# Rattle/Tapping noise at 3000rpm & on clutch engagement



## M3NTAL Kev (Jun 11, 2002)

So I was driving around today and noticed a rattling noise. I have heard this noise at idle before, but now I can hear at at part throttle around 3000rpm. What's worse is that I can feel it in the floor as well. I can also induce this noise if I let the clutch pedal out very slowly.
I tried to search, but most suggestions were to check the fuel lines for rattling or exhaust.
Is anyone else experiencing a similar issue?
BTW, car is a 2007 Rabbit manual w/BSH intake and C2 software. Also have VF Engineering rear mount installed 3 years ago.
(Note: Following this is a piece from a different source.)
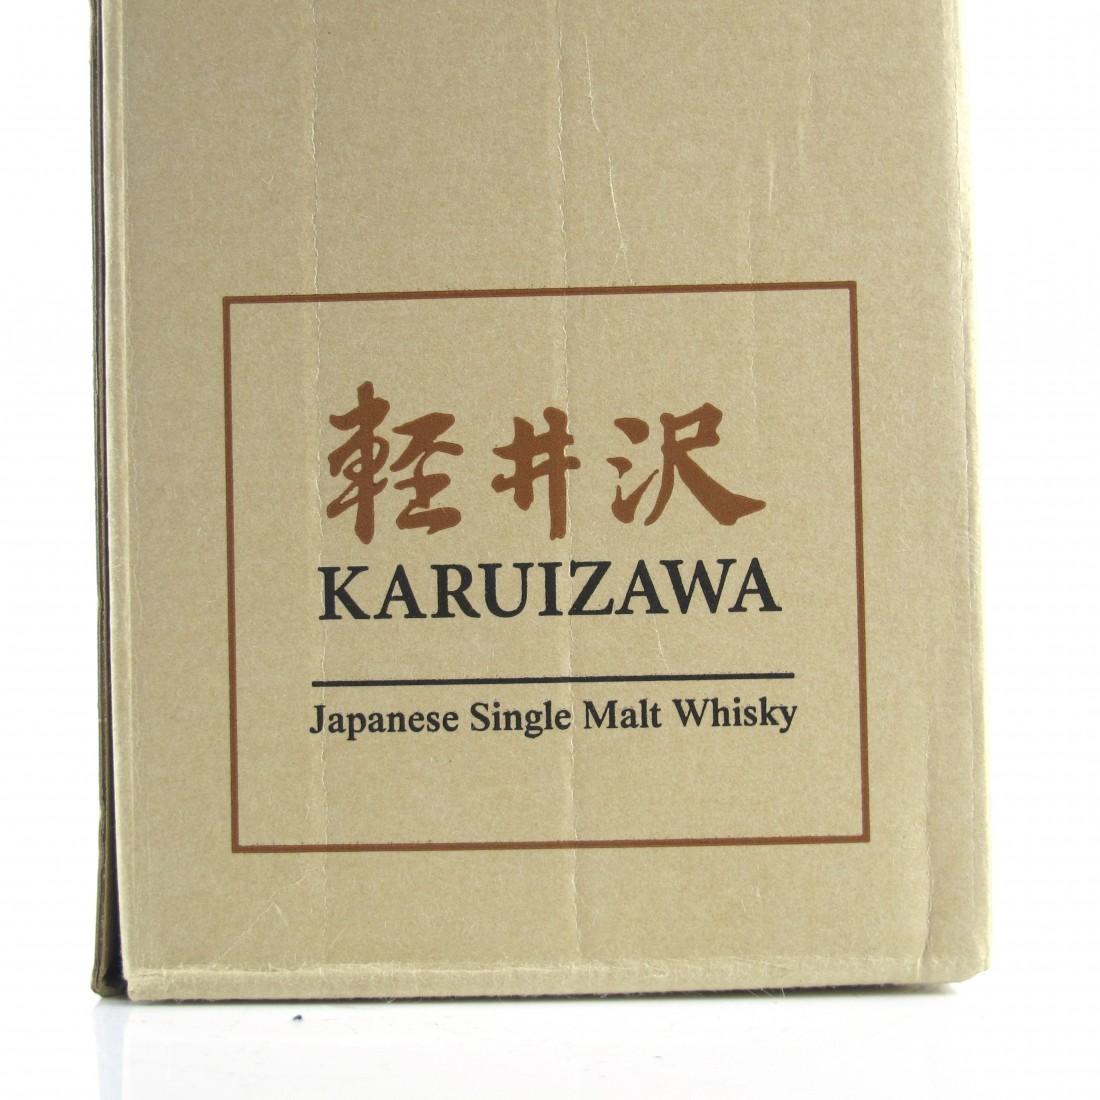 Karuizawa 1999/2000 Cask Strength 3rd Edition
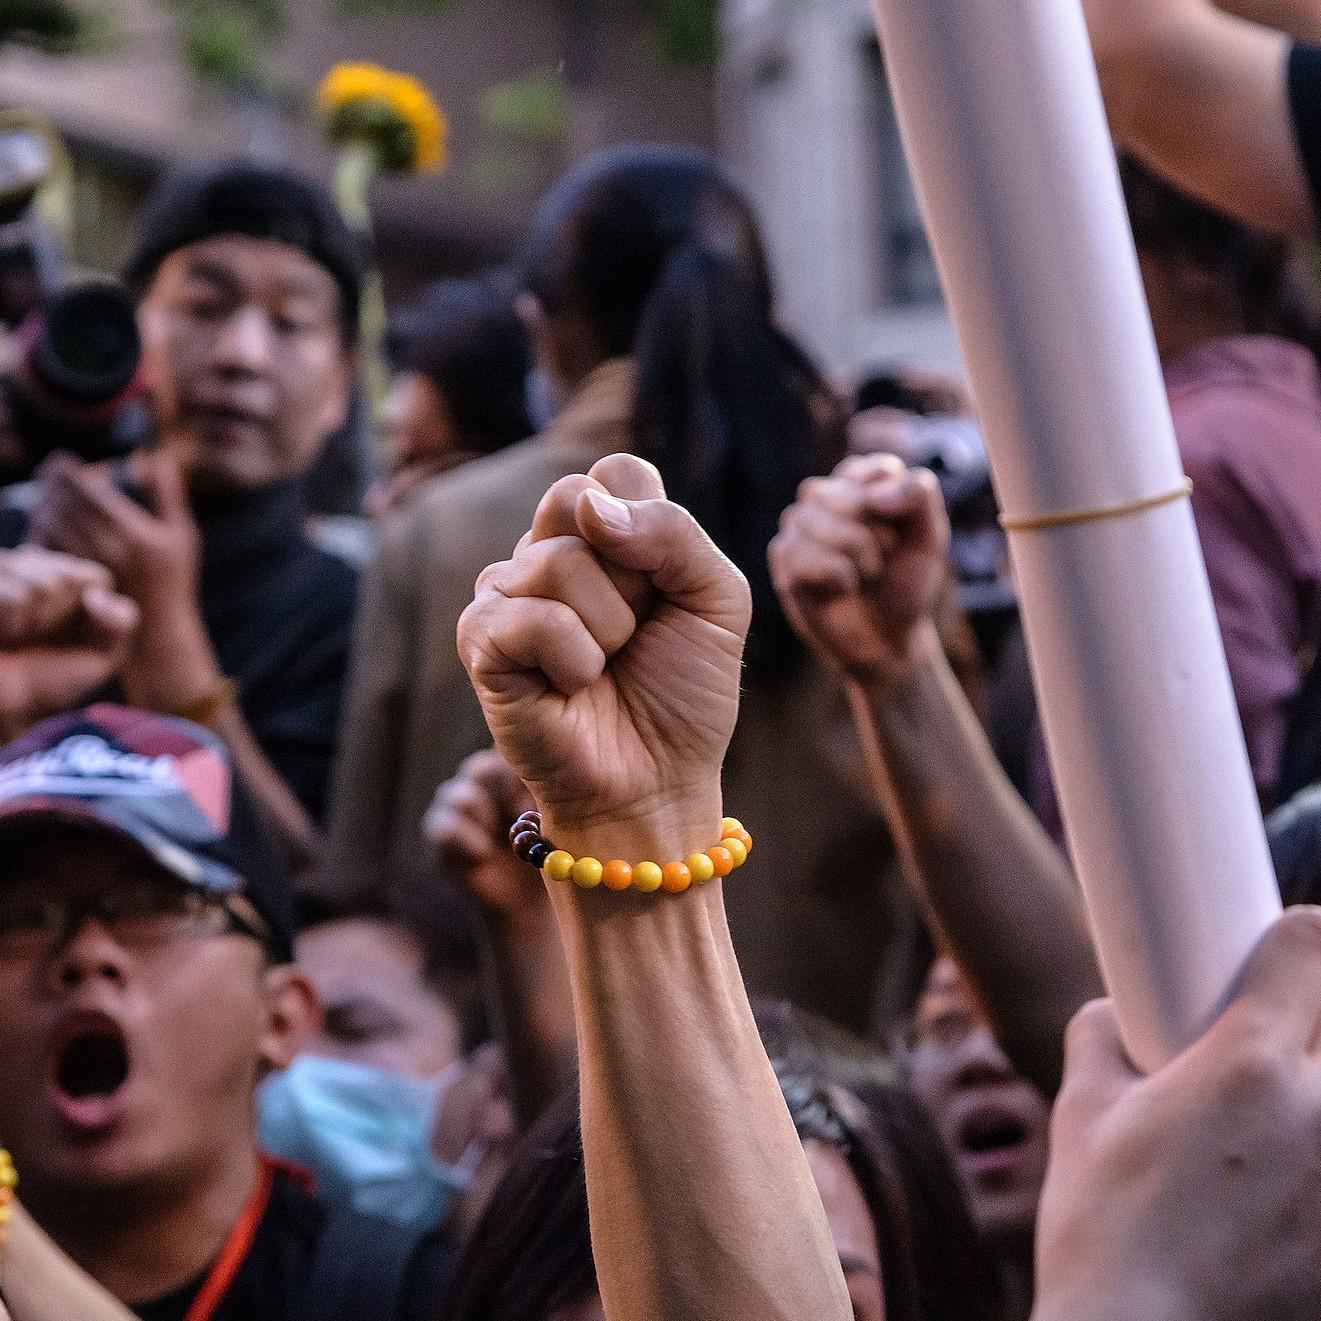 Students mass protest taiwan image by artemas liu cc by 2.0 via wikimedia commons

_Modified by M3NTAL Kev at 12:02 AM 4-16-2010_


----------



## mcsdude23 (Aug 15, 2006)

Does the noise go away if you press the clutch in when you are idling?


----------



## M3NTAL Kev (Jun 11, 2002)

*Re: (mcsdude23)*

I can't say for sure, but I think so. I'll have to experiment in the morning.
Generally, I am more concerned about it's prominence at 3k rpm. It also seems to be induced over small bumps and seams in the road.


----------



## Schagephonic (Feb 5, 2009)

*Re: (M3NTAL Kev)*

My rattle is like a ticking clock only faster. Mine is only at idle and I hear it from the front passanger floor. I've had the floor panel off but no luck finding or removing it. Is this similar to your noise?


----------



## stangg172006 (Jul 21, 2006)

Check the Intake. The bolts that secure it to the car come loose all the time on mine and the bracket bounces off the steal creating a rattle sound. Happens when im engaging the clutch or accelerating hard. Anything that causes the engine to rock or shutter.


----------



## underdog1425 (Mar 12, 2008)

*Re: (Schagephonic)*


_Quote, originally posted by *Schagephonic* »_My rattle is like a ticking clock only faster. Mine is only at idle and I hear it from the front passanger floor. I've had the floor panel off but no luck finding or removing it. Is this similar to your noise?

I have the same thing! any idea what it may be???


----------



## Schagephonic (Feb 5, 2009)

*Re: (underdog1425)*

Nope. It comes & goes. I'd like to take the floor panel off again to take another look. Seems like it should be so obvious. Open to suggestions.


----------



## underdog1425 (Mar 12, 2008)

*Re: (Schagephonic)*

I cant help (with my limited knowledge) but wonder if its any kind of knocking =S


----------



## Jettakid18 (Aug 8, 2009)

*Re: (stangg172006)*


_Quote, originally posted by *stangg172006* »_Check the Intake. The bolts that secure it to the car come loose all the time on mine and the bracket bounces off the steal creating a rattle sound. Happens when im engaging the clutch or accelerating hard. Anything that causes the engine to rock or shutter. 

I had this problem. Once i secured that bold that holds intake. IT went away. Check that.


----------



## M3NTAL Kev (Jun 11, 2002)

I've identified mine as the intake hardware not being secure enough. I just haven't had time to sort it out properly and I can't get my paws in there to straighten out the threads and tighten it down.


----------



## underdog1425 (Mar 12, 2008)

I kinda helped threadjack xD
I will check the intake, and also saw a thread in the DIY on the fuel lines rattling also, so will check that as well..
Can't wait until finals are over week after next >_<


----------



## Schagephonic (Feb 5, 2009)

*Re: (Jettakid18)*


_Quote, originally posted by *Jettakid18* »_
I had this problem. Once i secured that bold that holds intake. IT went away. Check that. 

Thanks for the suggestion. I'll check it out this weekend and let you know what happens.


----------



## M3NTAL Kev (Jun 11, 2002)

I had my local shop redo the hardware and rubber for the mounting bracket and the rattle and noise is gone.


----------



## DRedman45 (Aug 7, 2009)

bsh needs to give longer mounting bolts, a large flat washer, and a lock washer....i had the same problem with my intake and those fixed it...its still the best intake on the market imo though


----------